### Problem statement
Look below for the line with "巨大バスターミナル前で訳アリ人妻をナンパしてみた 6 画像1"; begin the copy there and stop after the line with "早餐要吃得好 日本這間各國早餐專門店最新推出台灣式飯糰 蛋餅套餐", keeping the text exact and the pictures out.

┌─ Data for analysis

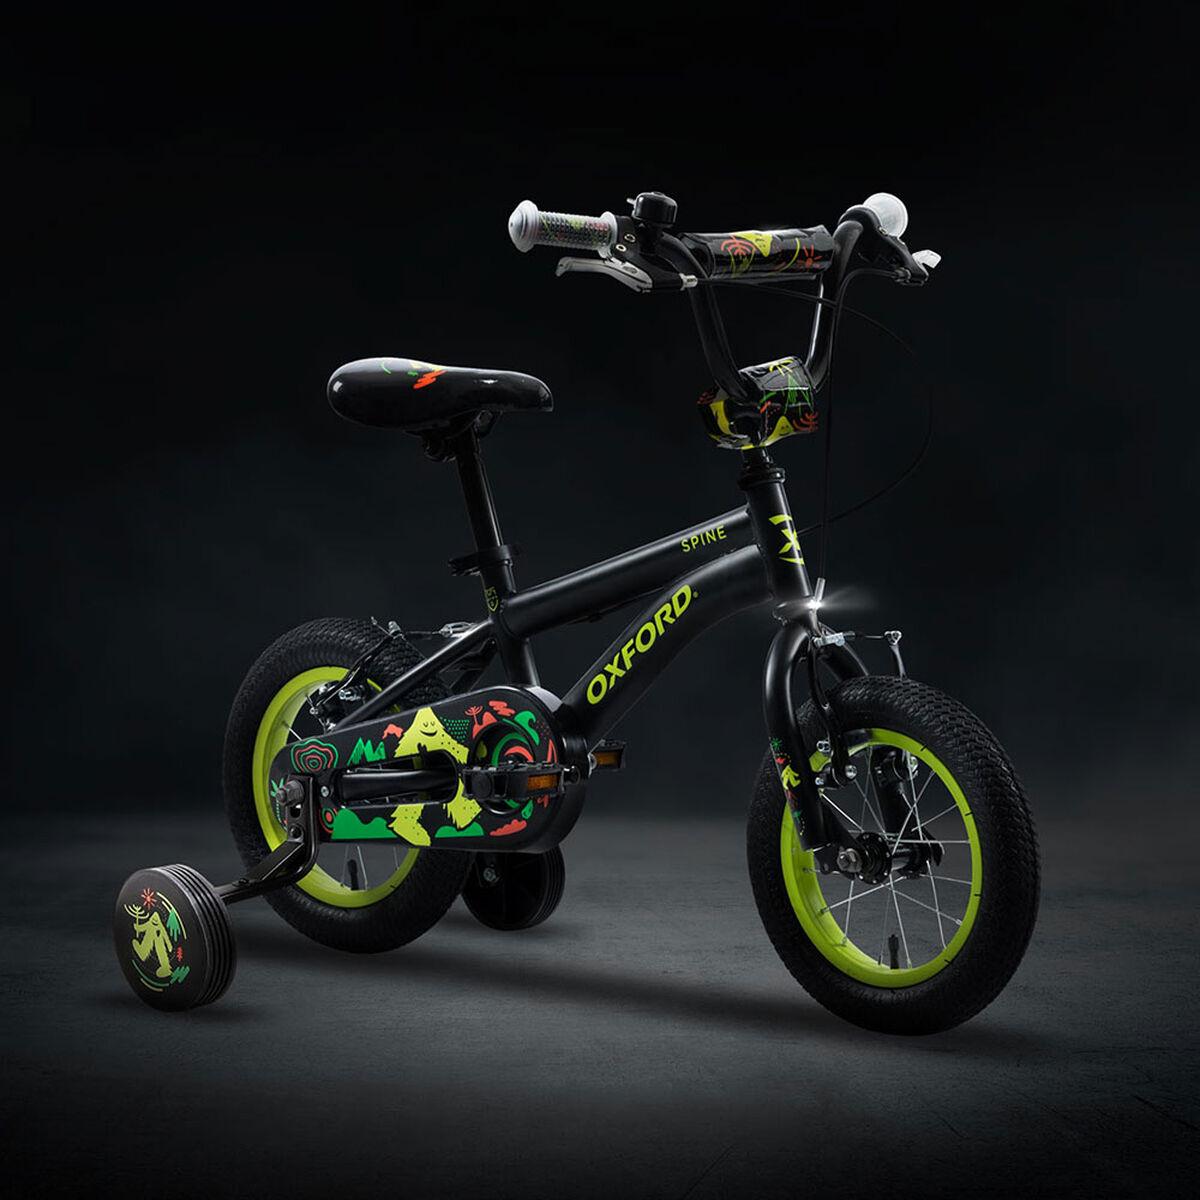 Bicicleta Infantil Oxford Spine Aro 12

└─
┌─ Data for analysis

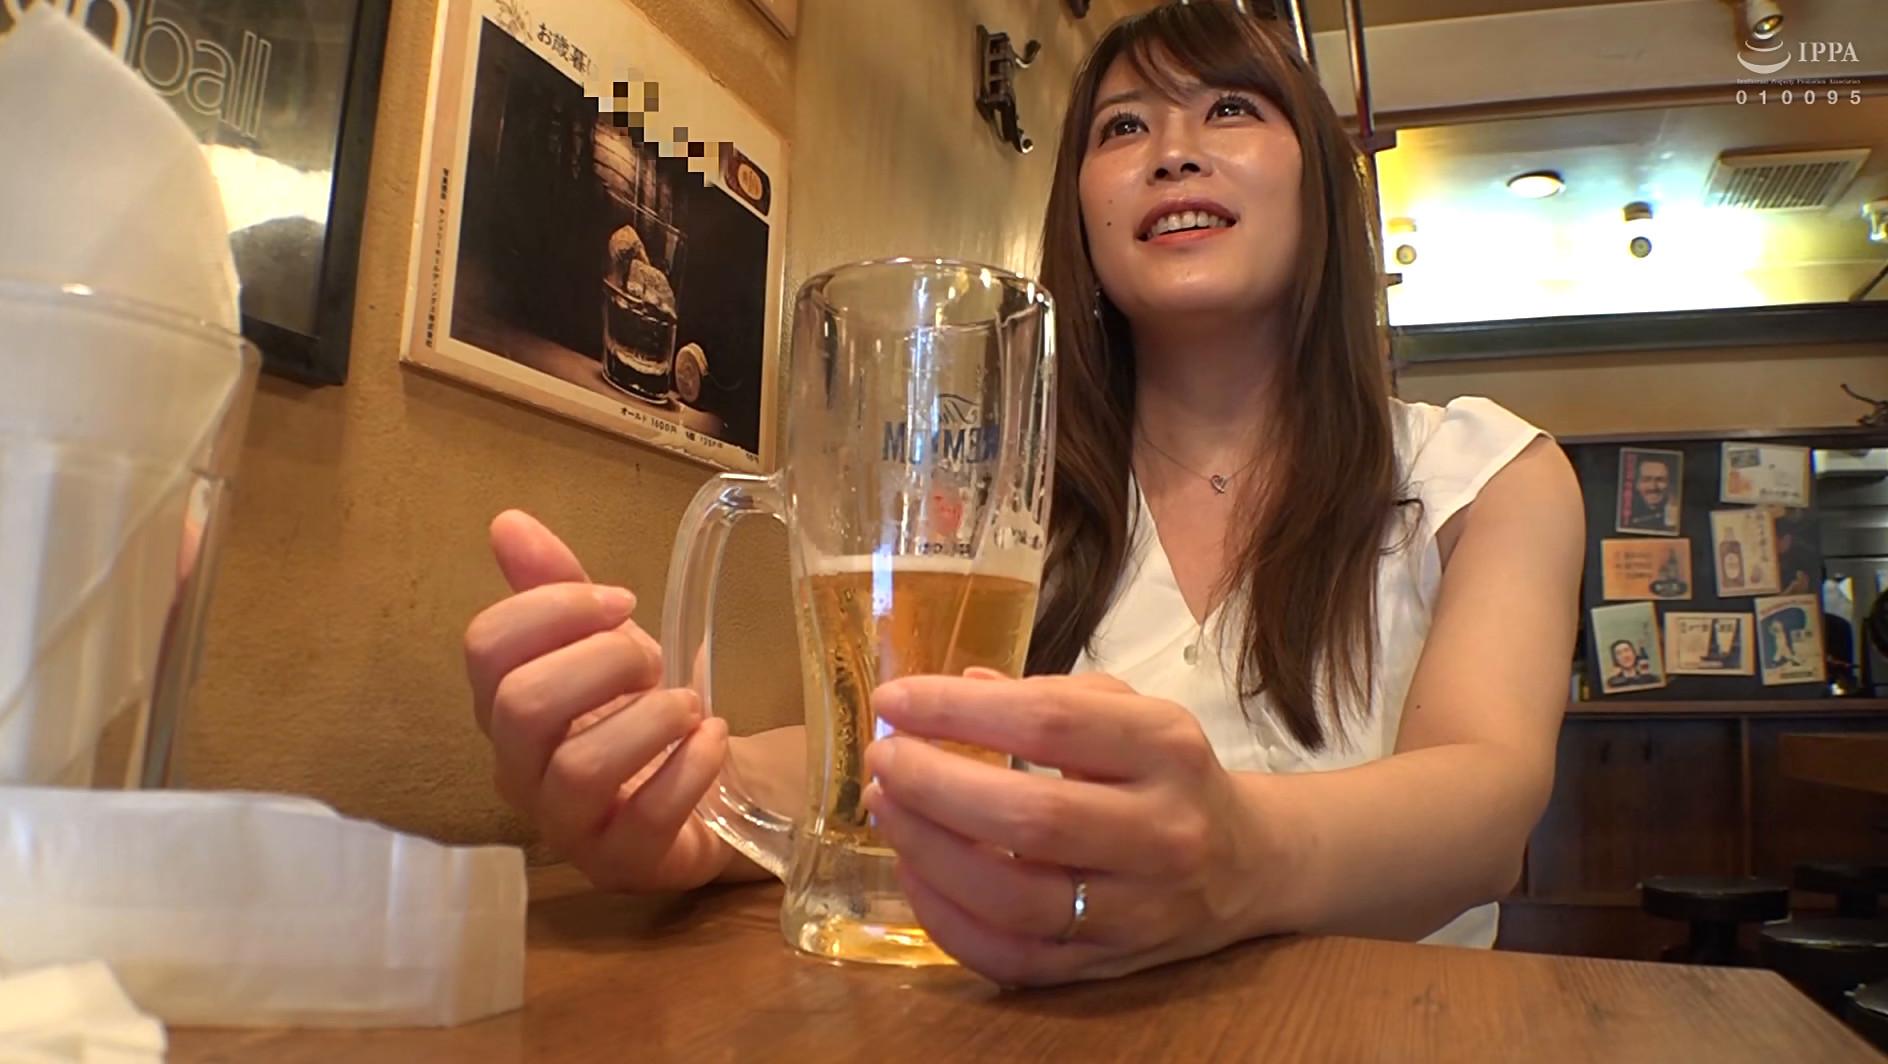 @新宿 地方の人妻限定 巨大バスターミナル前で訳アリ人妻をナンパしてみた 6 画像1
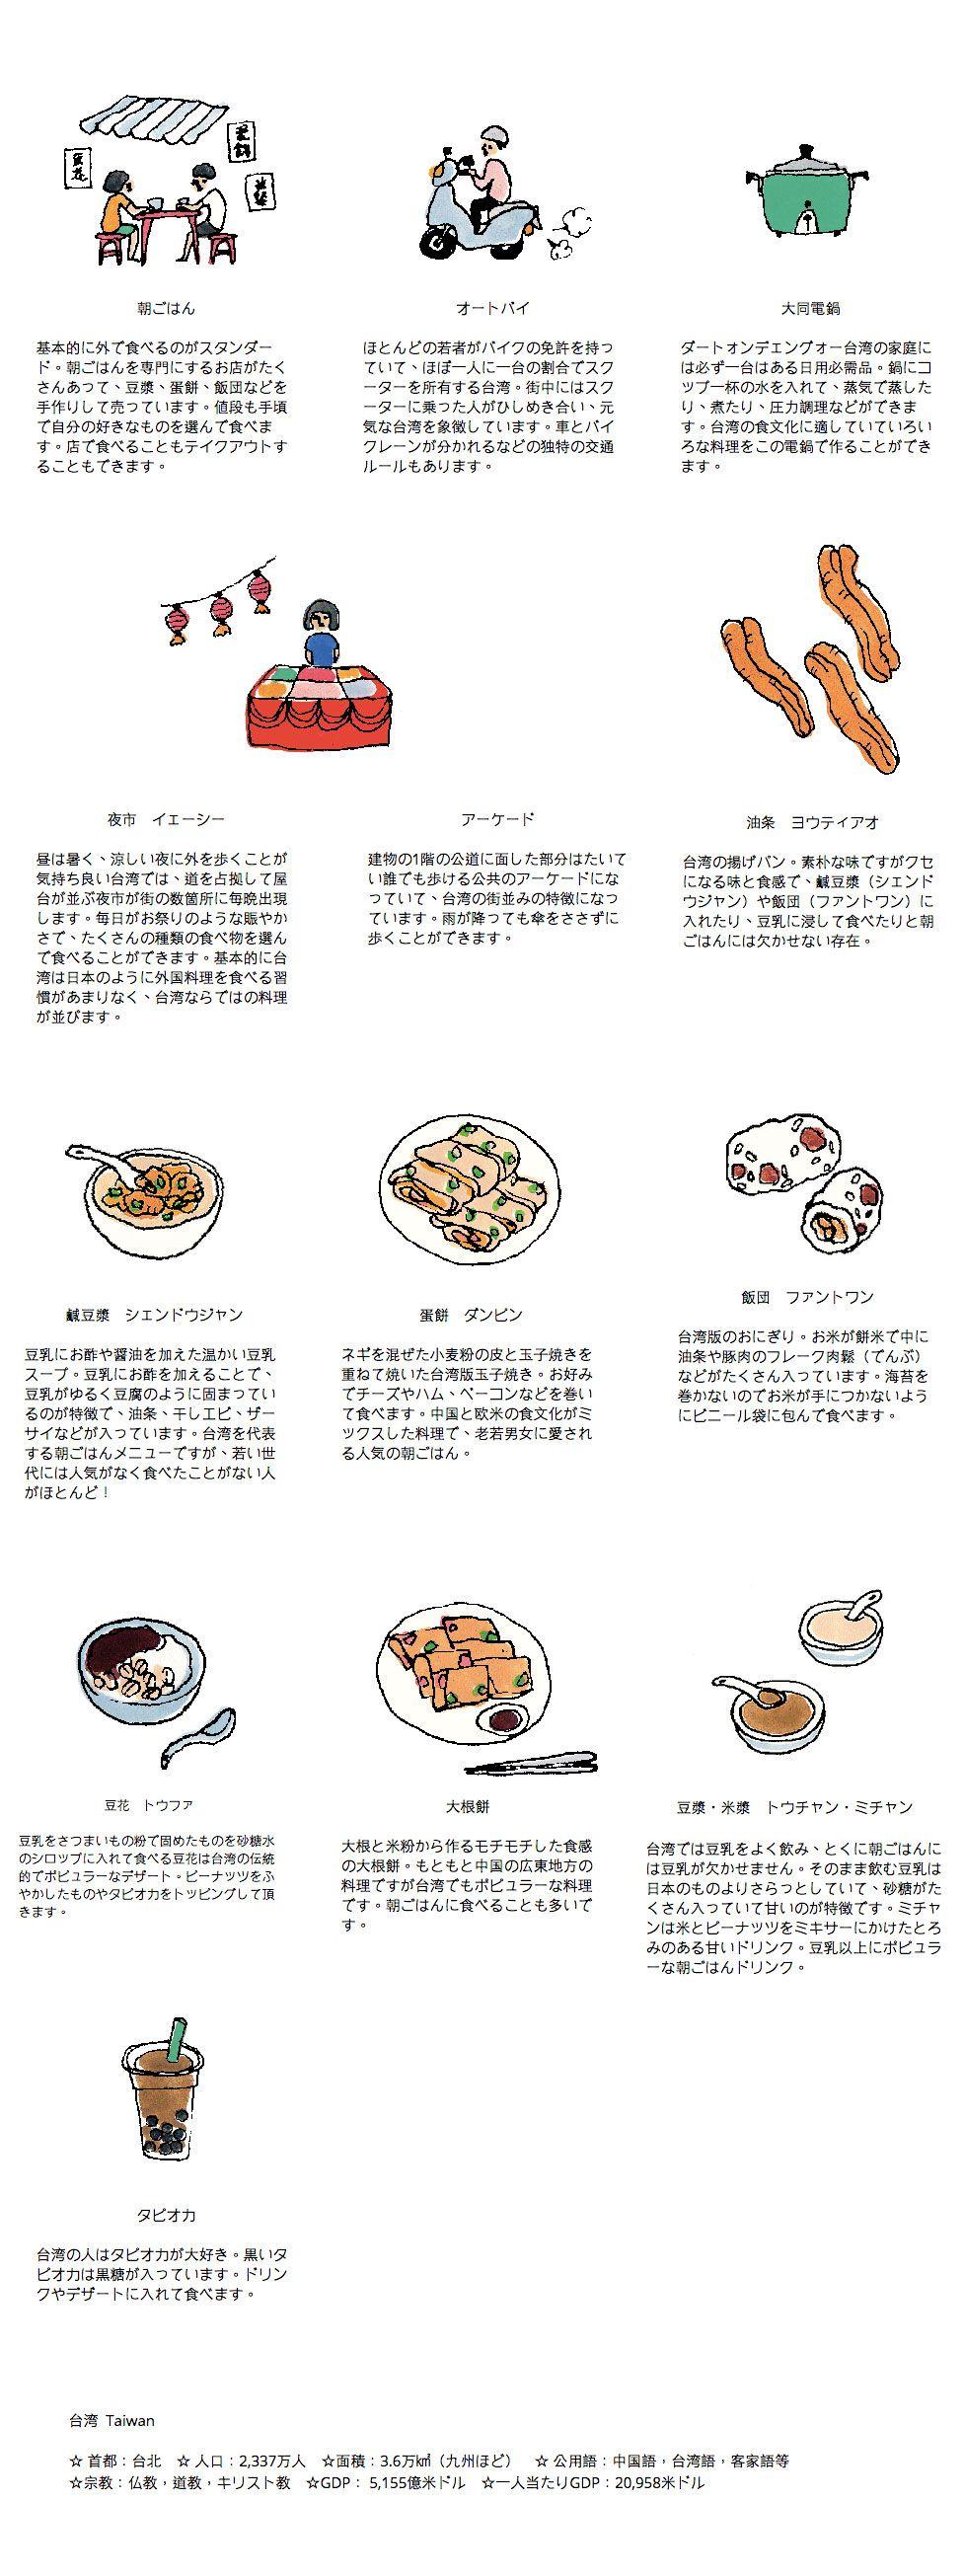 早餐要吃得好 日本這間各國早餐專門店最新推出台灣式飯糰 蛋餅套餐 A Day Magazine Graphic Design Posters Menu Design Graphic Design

└─

### Task output
 @新宿 地方の人妻限定 巨大バスターミナル前で訳アリ人妻をナンパしてみた 6 画像1
 早餐要吃得好 日本這間各國早餐專門店最新推出台灣式飯糰 蛋餅套餐 A Day Magazine Graphic Design Posters Menu Design Graphic Design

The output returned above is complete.